CSV is universal but inefficient: it's plain text, every value is a string, and large files are slow to scan. Apache Parquet stores the same data column-by-column, compressed and strongly typed — typically a fraction of the size and far faster for analytics. This page converts a CSV into Parquet in your browser, with nothing uploaded.
Why convert CSV to Parquet?
- Much smaller files. Columnar storage plus compression often shrinks a CSV by 5× or more.
- Faster queries. Tools like Spark, pandas, and Polars read Parquet far quicker, and can skip columns they don't need.
- Real types. Numbers stay numbers and dates stay dates — no re-parsing strings every time you load the file.
- A better archive format for data you'll query again later.
Types are detected automatically
When the CSV loads, the engine samples it to infer each column's type — integers, decimals, booleans, dates, and timestamps — so the resulting Parquet is properly typed rather than all-text. You can review the inferred schema in the column headers before exporting, and use SQL to cast or clean a column if you want to override the guess.
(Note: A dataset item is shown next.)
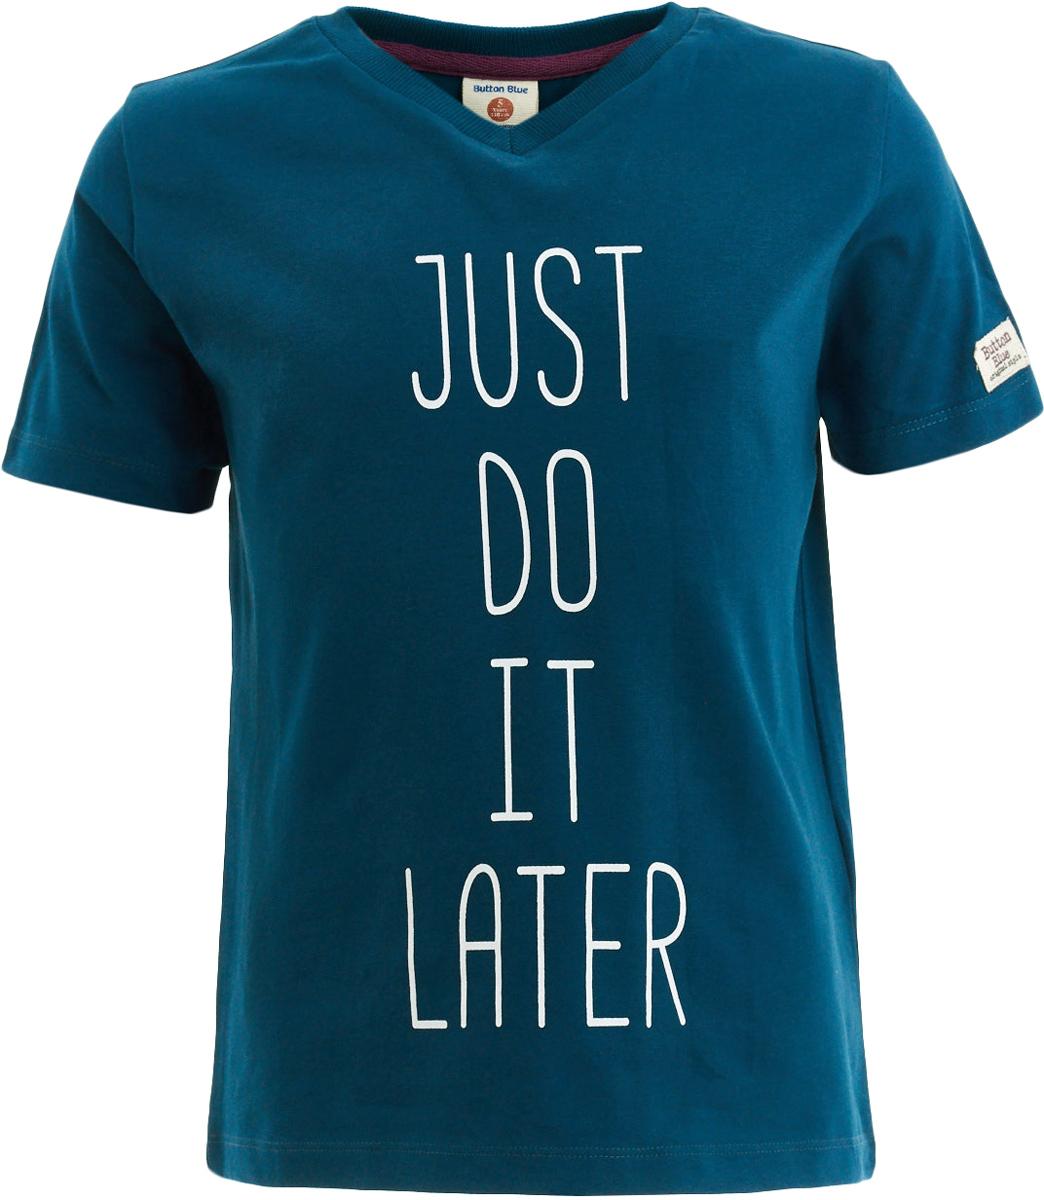 Футболка для мальчика Button Blue, цвет: темно-зеленый. 217BBBC12010500. Размер 98, 3 года217BBBC12010500Футболка с коротким рукавом - основная составляющая детского гардероба. Дети быстро растут и часто меняют свои предпочтения, поэтому всем практичным родителям надо приобретать детские футболки недорого, чтобы обеспечить ребенку должное разнообразие. Если вы хотите купить недорогую детскую футболку, модель от Button Blue - прекрасный вариант. Интересная футболка с принтом выглядит ярко, свежо и привлекательно. Она подарит прекрасный внешний вид и комфорт, а также возможность экспериментировать, создавая модные многослойные решения.

The Parquet file is written out compressed and columnar, with the schema baked in, so it's ready for analytics tools straight away.
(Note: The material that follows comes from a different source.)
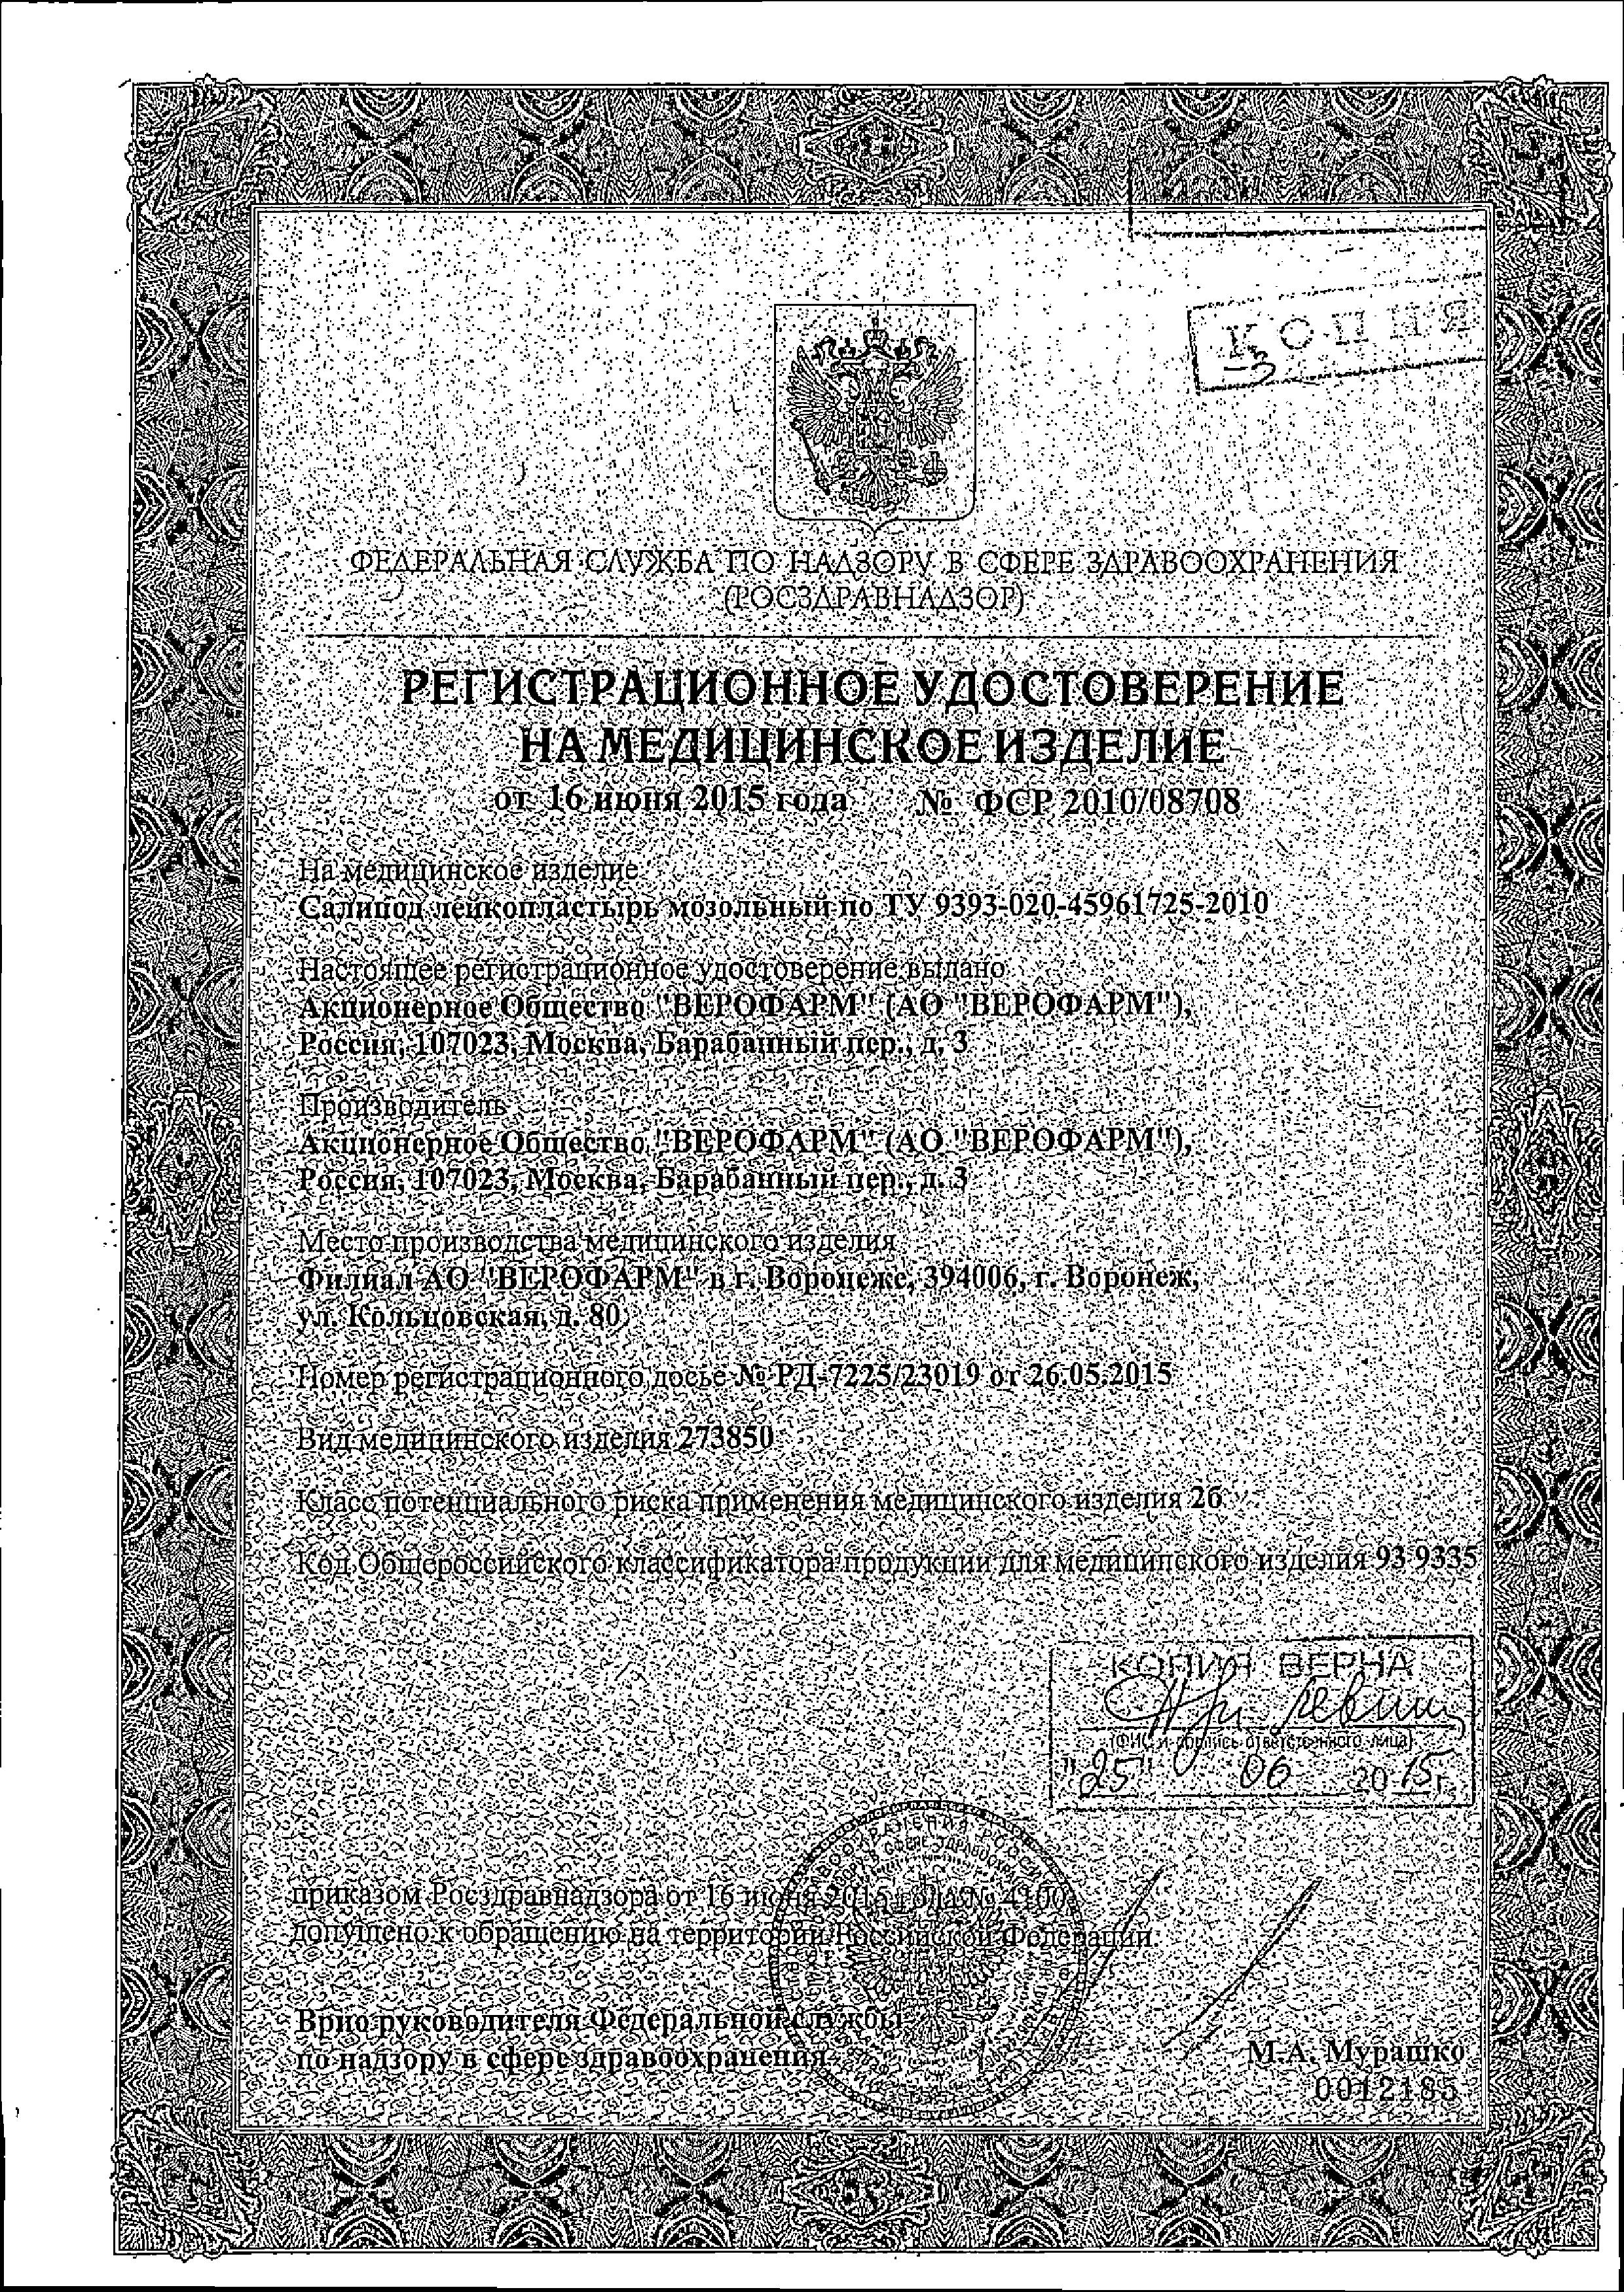 Салипод лейкопластырь мозольный сертификат

Private by design. Your file is read and converted locally — in your browser on the web, or on-device in the macOS app. The contents are never uploaded to us or to any third party. Read our privacy policy.
How large a file can I convert? The free web viewer exports up to 1,000 rows — plenty to try it out or convert small files. Pro raises that to 100,000 rows in the browser, and the macOS app exports files of any size, from a few rows to hundreds of millions, with the same local-only privacy.